Boeing had previously said in the summer that it expected to submit its final software fix to the FAA in September, and for the plane to be re-certified to return to service at some point in the fourth quarter, possibly early November.

However, it was unclear whether it met that expected September submission timeline - the Seattle Times reported in October that the fix had not been submitted yet. Clearance from the FAA to resume flights could come within about a month of submission, after the final software fix is assessed by regulators and test flights are conducted.

Global regulators may follow the FAA's findings and re-certify the plane quickly, or may take longer to perform their own inspections and test flights.

Even if the plane is recertified in 2019, it will likely take airlines longer to install the software and prepare stored planes to fly again.

American Airlines said on Wednesday that it expects the Max to be recertified near the end of 2019, and to gradually phase the Max back into commercial service beginning on January 16, 2020, following installation of the new software and various tests and inspections.

Airlines have been forced to cancel thousands of flights as the grounding has continued - United said it expects to cancel 93 flights per day in November and 75 in December due to the grounding, while American said it would cancel about 140 daily through December. American also said it would use older 737-800 aircraft - which are not included in the grounding - to operate flights whenever possible.

The FAA said that it would "follow a thorough process, not a prescribed timeline, for returning the aircraft to passenger service."

Read more: The complete history of the 737 Max, Boeing's promising yet problematic workhorse jet

Although Boeing has not shared an updated timeline for the jet's return, there have been indications that it expects the plane to return to service relatively soon.
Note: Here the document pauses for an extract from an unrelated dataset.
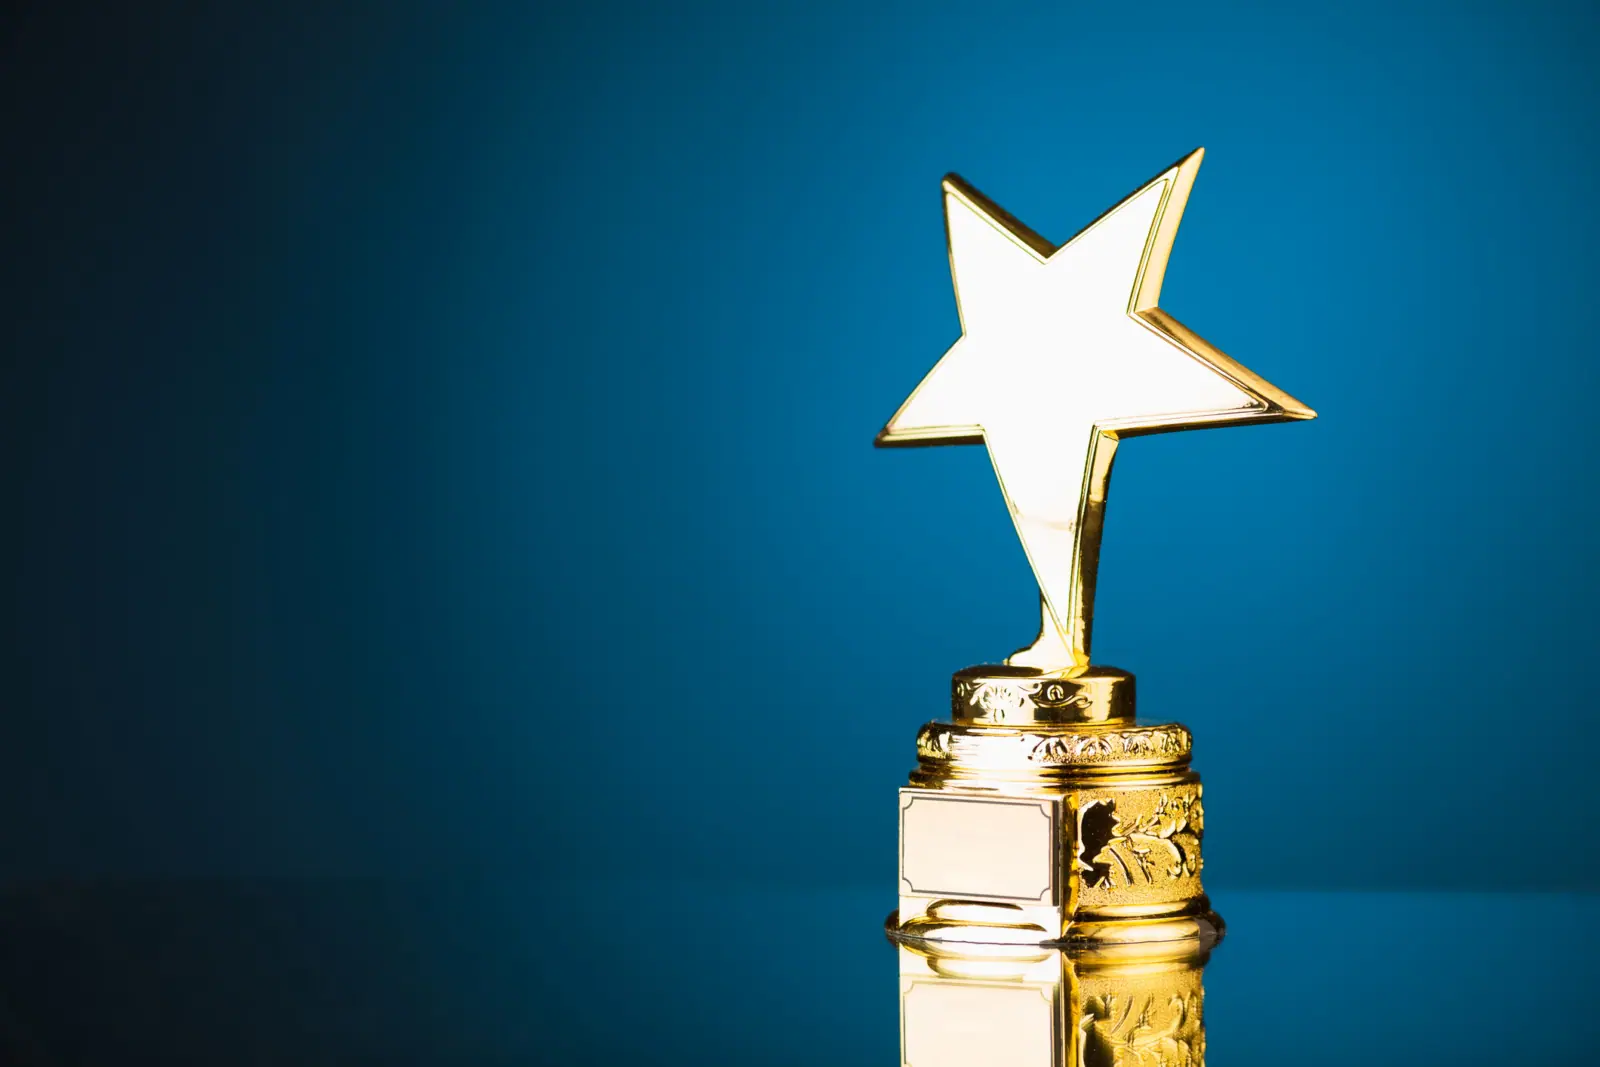 JazzHR Wins ADP 2019 Rising Star Award

Boeing previously said it was hiring temporary employees to help prepare stored planes for delivery once the grounding lifts, and recently began reaching out to retired former airline employees.

The 737 Max has been grounded since March, following the second of two fatal crashes in five months.

Preliminary reports into the two crashes that led to the grounding - Lion Air Flight 610 and Ethiopian Airlines Flight 302 - indicate that an automated system erroneously engaged and forced the planes' noses to point down due to a problem with the design of the system's software. Pilots were unable to regain control of the aircraft.

The system engaged because it could be activated by a single sensor reading - in both crashes, the sensors are suspected of having failed, sending erroneous data to the flight computer and, without a redundant check in place, triggering the automated system.

The automated system, the Maneuvering Characteristics Augmentation System (MCAS), was designed to compensate for the fact that the 737 Max has larger engines than previous 737 generations. The larger engines could cause the plane's nose to tip upward, leading to a stall - in that situation, MCAS could automatically point the nose downward to negate the effect of the engine size.